12th September 2010, 20:34	#277 \| Link
Chainmax Huh? Join Date: Sep 2003 Location: Uruguay Posts: 3,103	I did some more comparisons using Gabriel Knight's "Making Of" video: eedi3_rpow2(rfactor=2,cshift="spline36resize",hp=false) nnedi3_rpow2(rfactor=2,nsize=3,nns=4,qual=2,cshift="spline36resize") eedi3_rpow2(alpha=0.3,beta=0,rfactor=2,cshift="spline36resize",hp=true,vcheck=3) Original screen batch here. In my opinion, on the particular filterchain used for this particular source, the first version of EEDI3 gives the more pleasing results. __________________ Read Decomb's readmes and tutorials, the IVTC tutorial and the capture guide in order to learn about combing and how to deal with it.

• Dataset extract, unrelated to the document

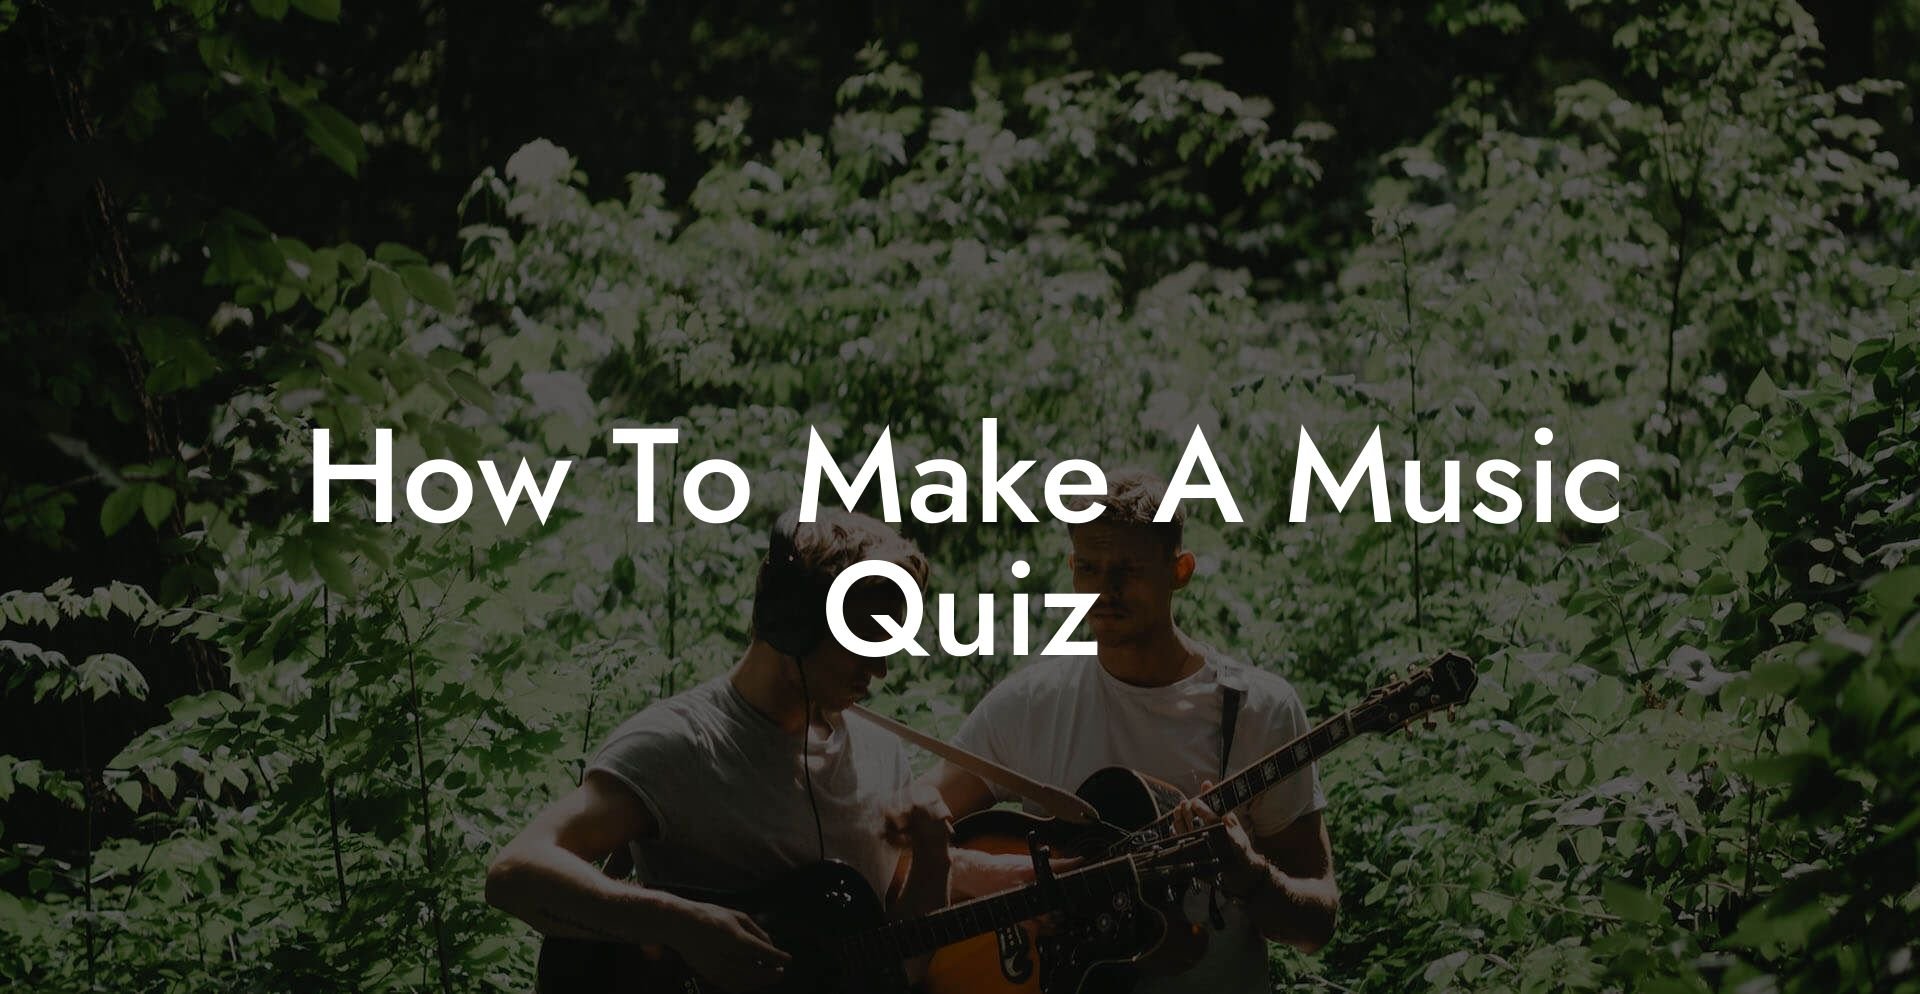 how to make a music quiz lyric assistant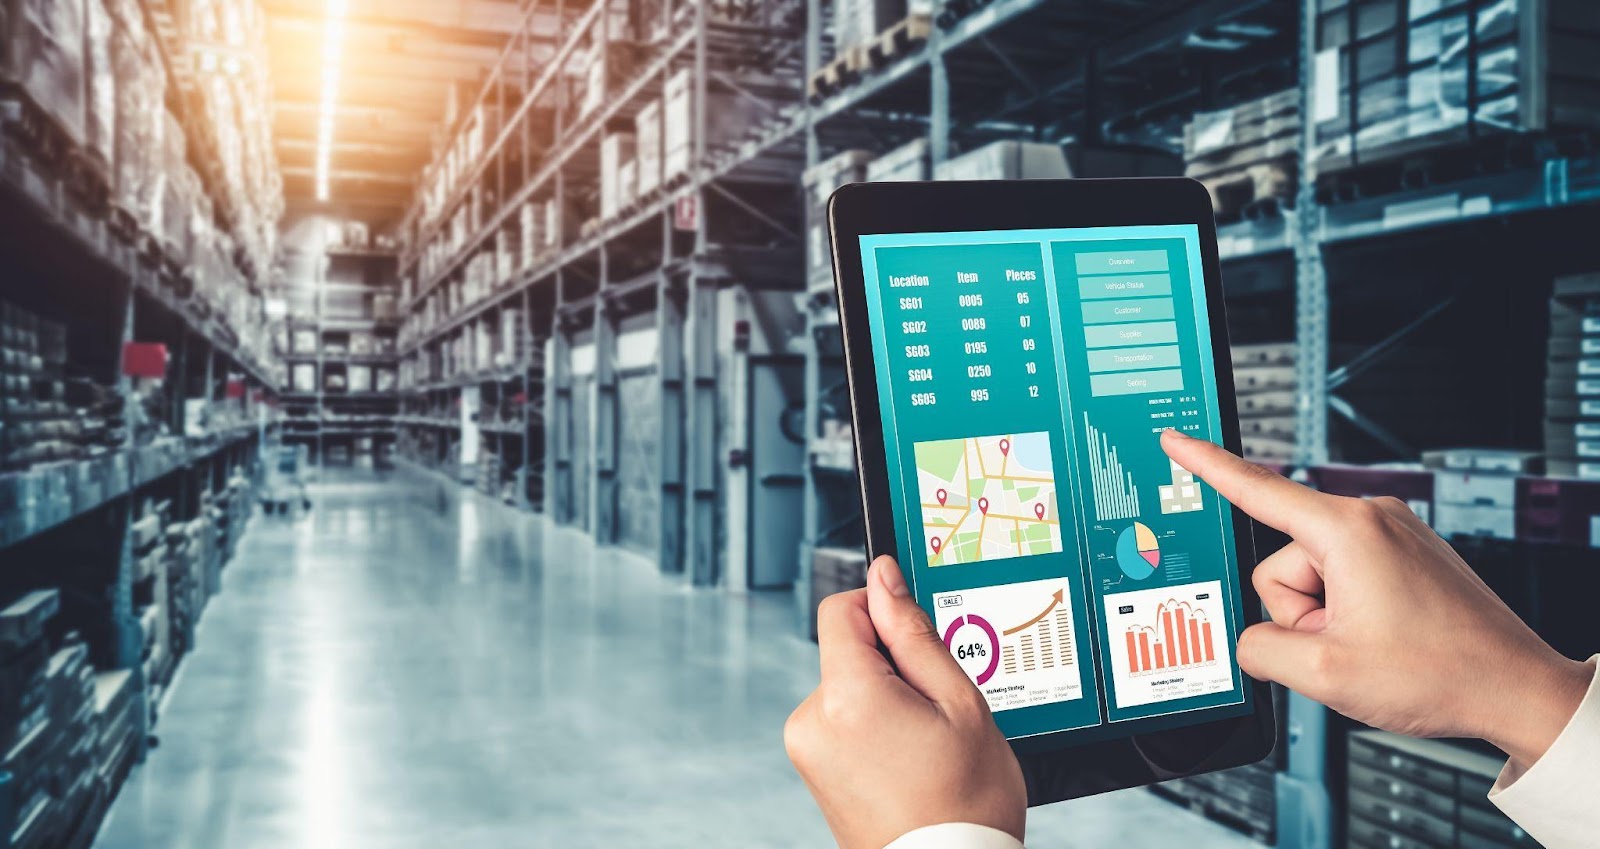 Warehouse Inventory Management Systems: Building A System For Your Warehouse

13th September 2010, 01:39	#278 \| Link
markanini Registered User Join Date: Apr 2006 Posts: 299	Thanks for the comparison chainmax. I'd go with nnedi3 myself in this case but I wouldn't argue with your preference for eedi3 as it's a matter of taste. I'm eagerly awaiting for Triricals next nnedi3 release.

13th September 2010, 13:57	#279 \| Link
Usedocne lurkster Join Date: Jul 2009 Location: D9\|D10 Posts: 123	Thanks also Chainmax. I couldn't choose between them though. Each is good on different areas (parts of mic, side of face), but struggle on others. They are pretty much equal imho, in as far as weighing up the positives and negatives effects.

21st September 2010, 03:10	#280 \| Link
tritical Registered User Join Date: Dec 2003 Location: MO, US Posts: 999	So I finally got back to working on this, and almost have the next nnedi3 release ready... but one question first. Does anyone using this not have an SSE2 capable processor? I'm considering dropping support for SSE/MMX since it's a pain to keep around and test.